- **DATASET CONTENT**:
-- -- --
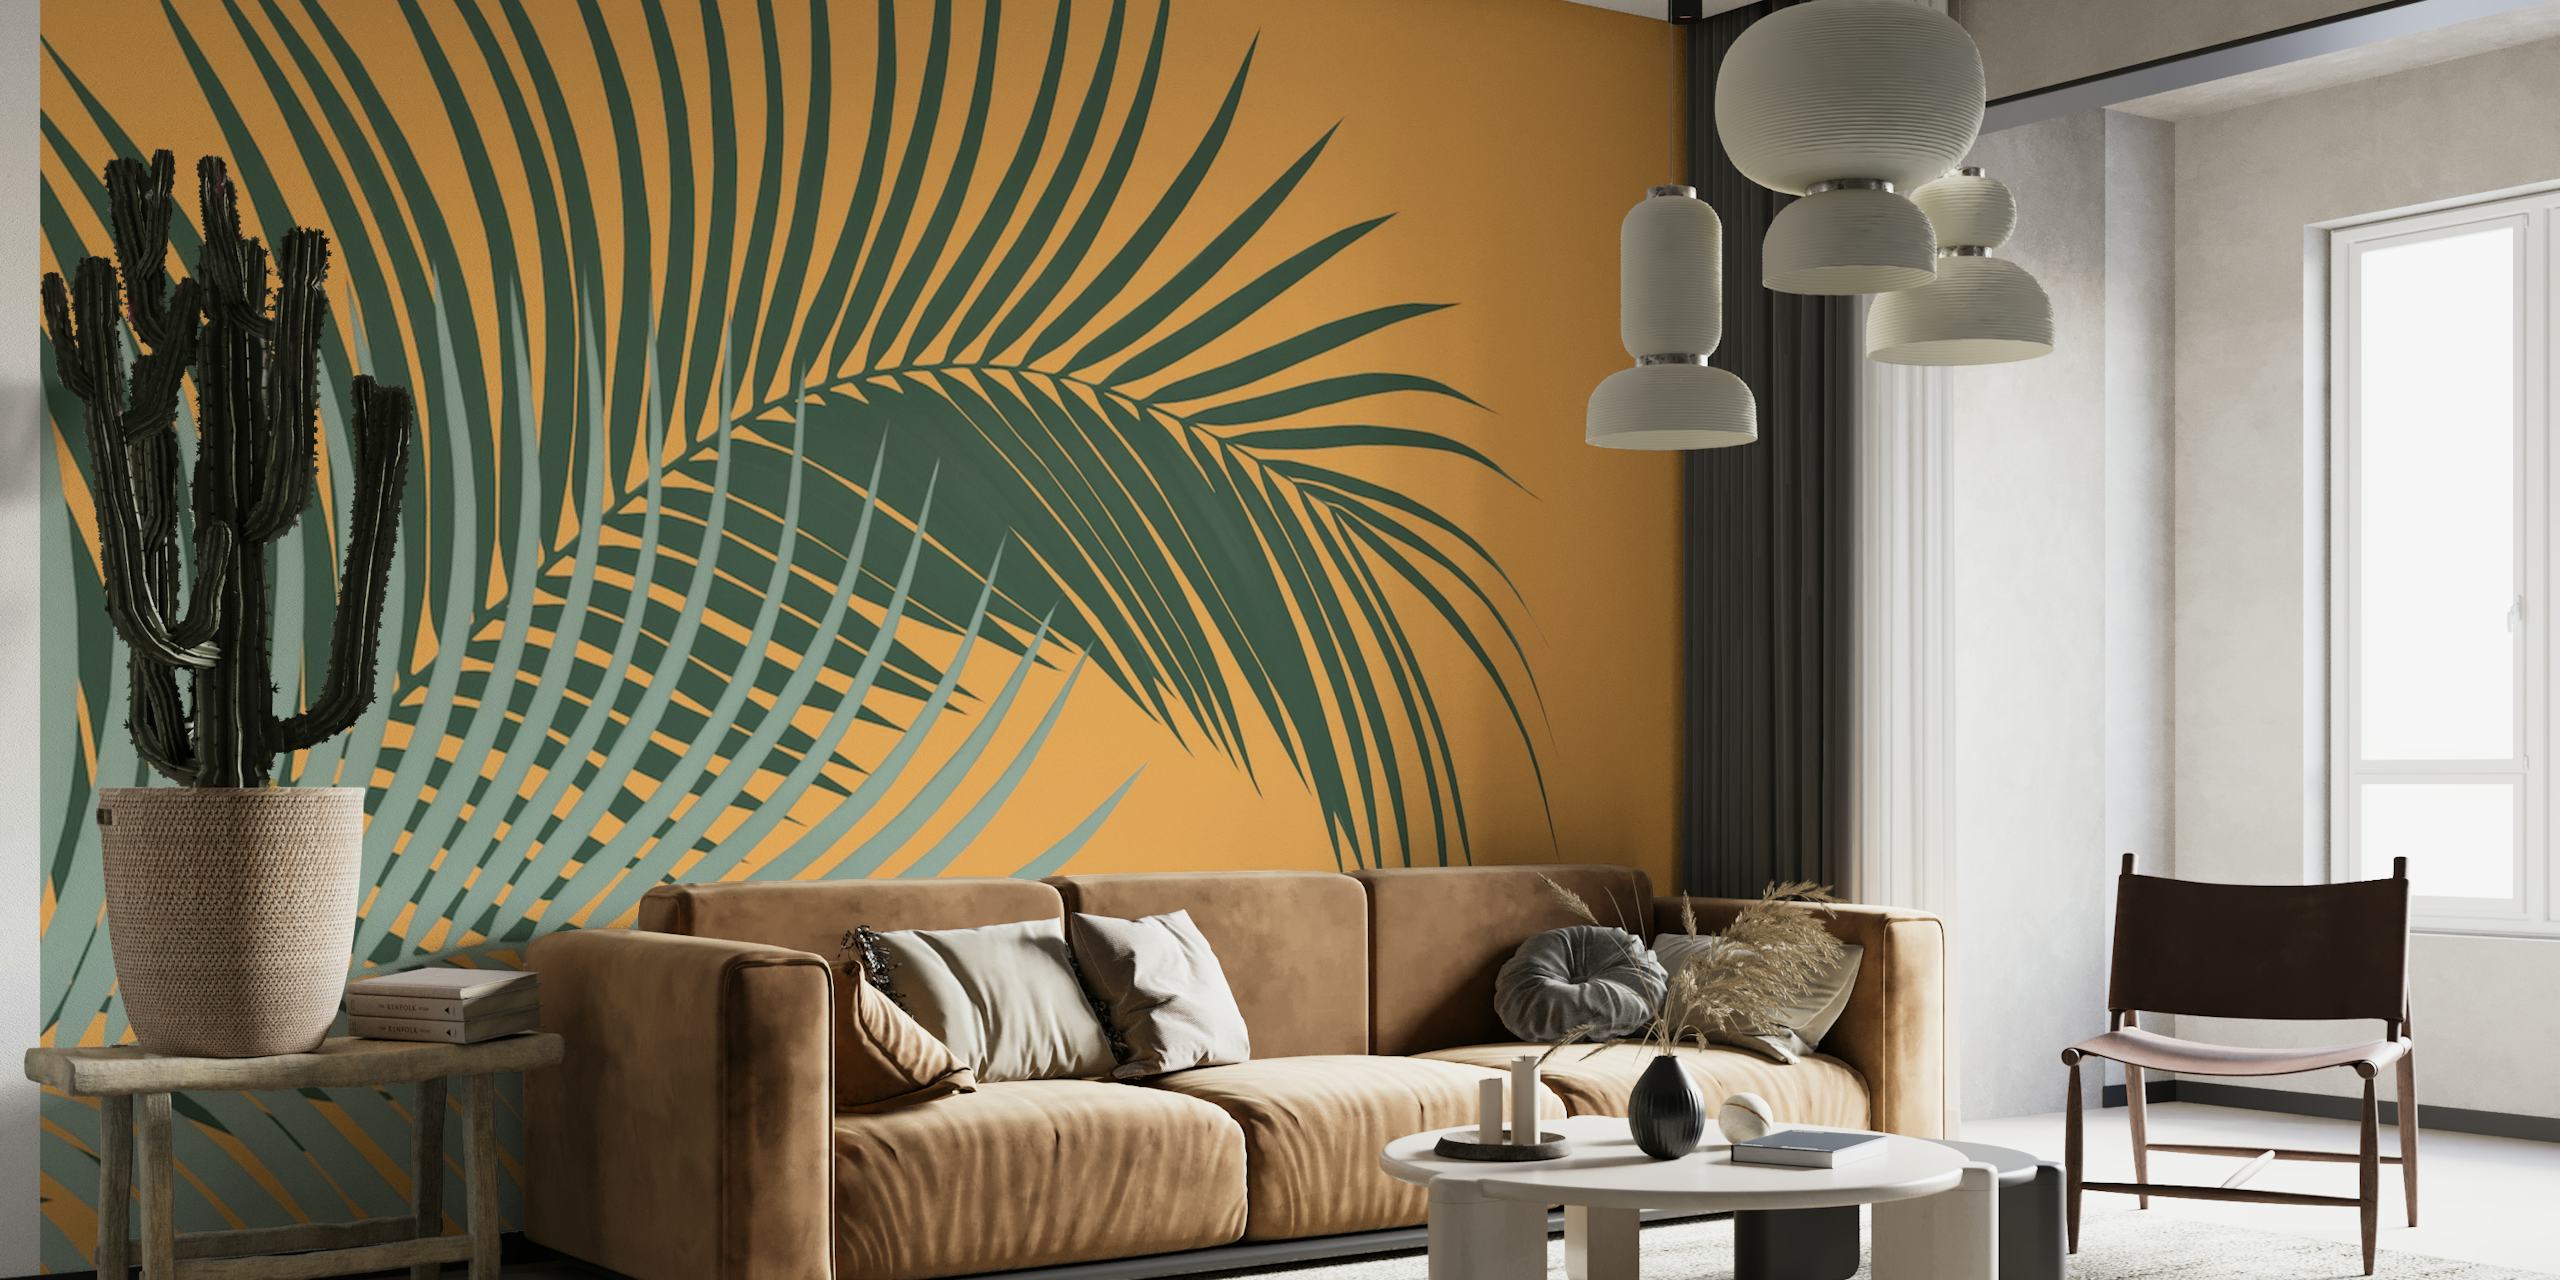 Un mural con hojas de palmera verdes sobre un fondo naranja.
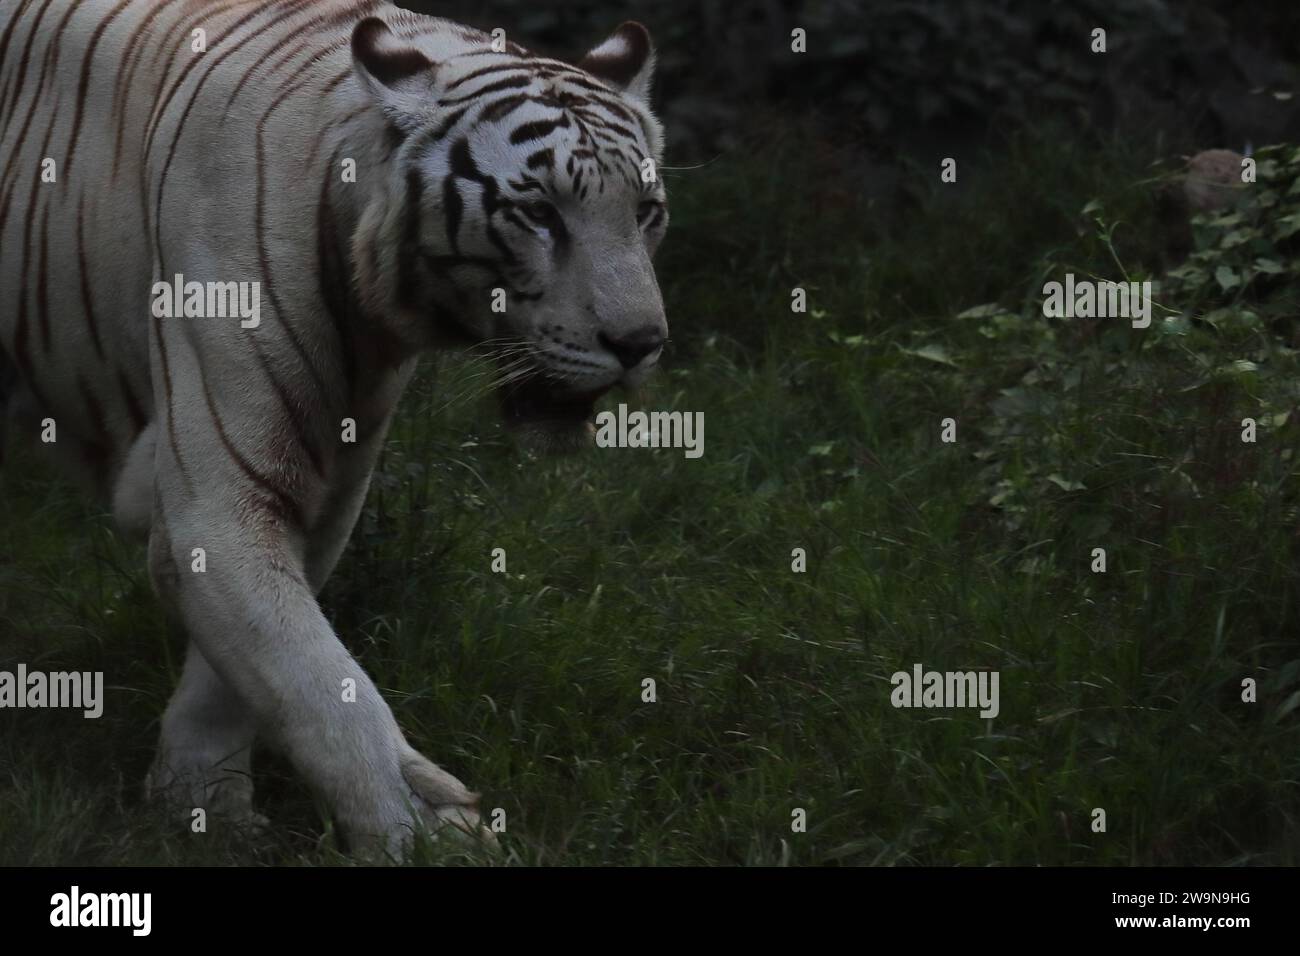 grande tigre bengala o tigre indiana (panthera tigris) di colore bianco con sfondo scuro Foto Stock
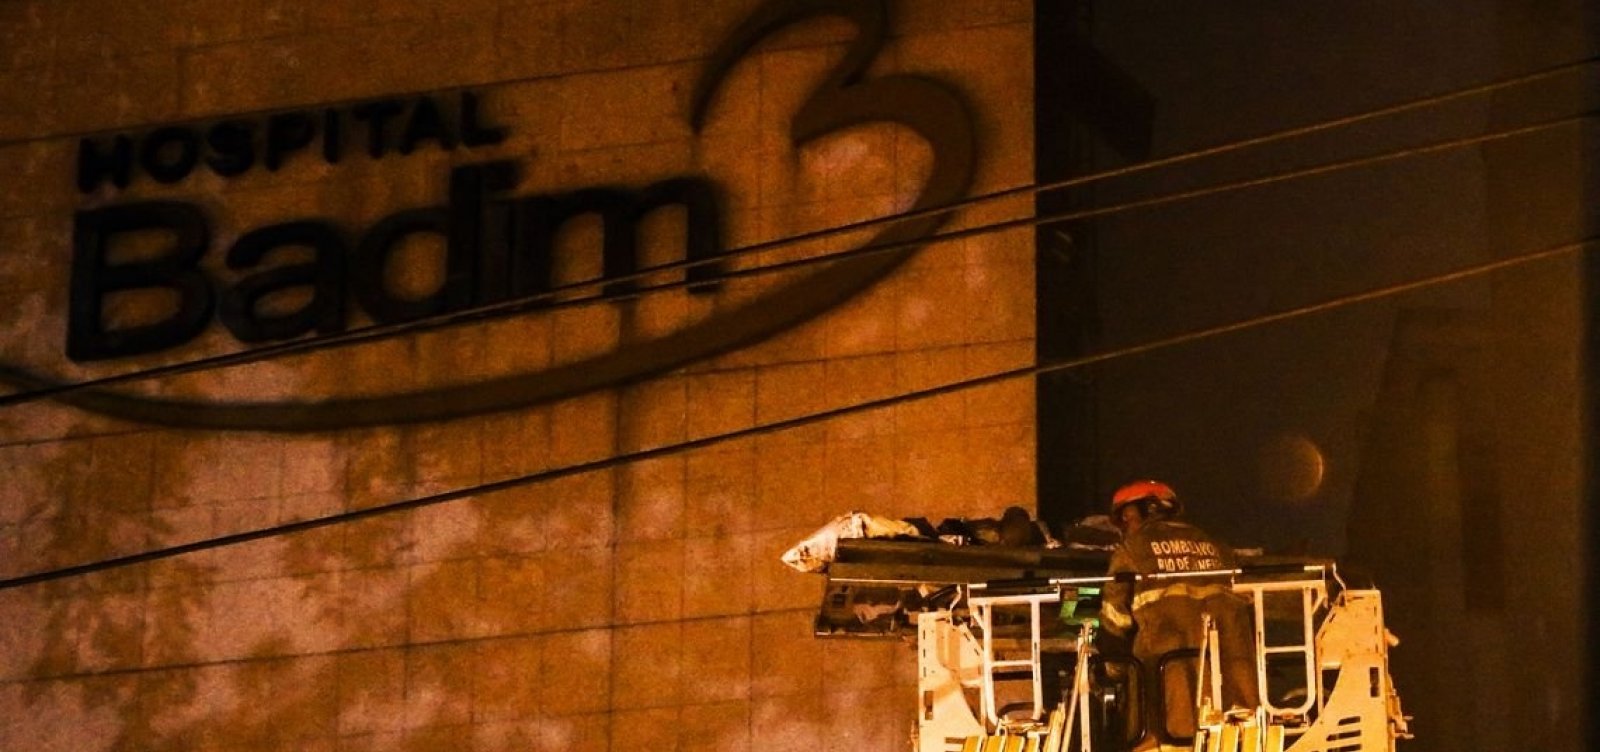 Morre 13ª vítima de incêndio em hospital no Rio
-- -- --
- **PROBLEM**:
What the answer needs is every line from the one with "grande tigre bengala" through the last line of the data, reproduced word for word and with pictures omitted.

- **EXERCISE RESULT**:
 grande tigre bengala o tigre indiana (panthera tigris) di colore bianco con sfondo scuro Foto Stock
 Morre 13ª vítima de incêndio em hospital no Rio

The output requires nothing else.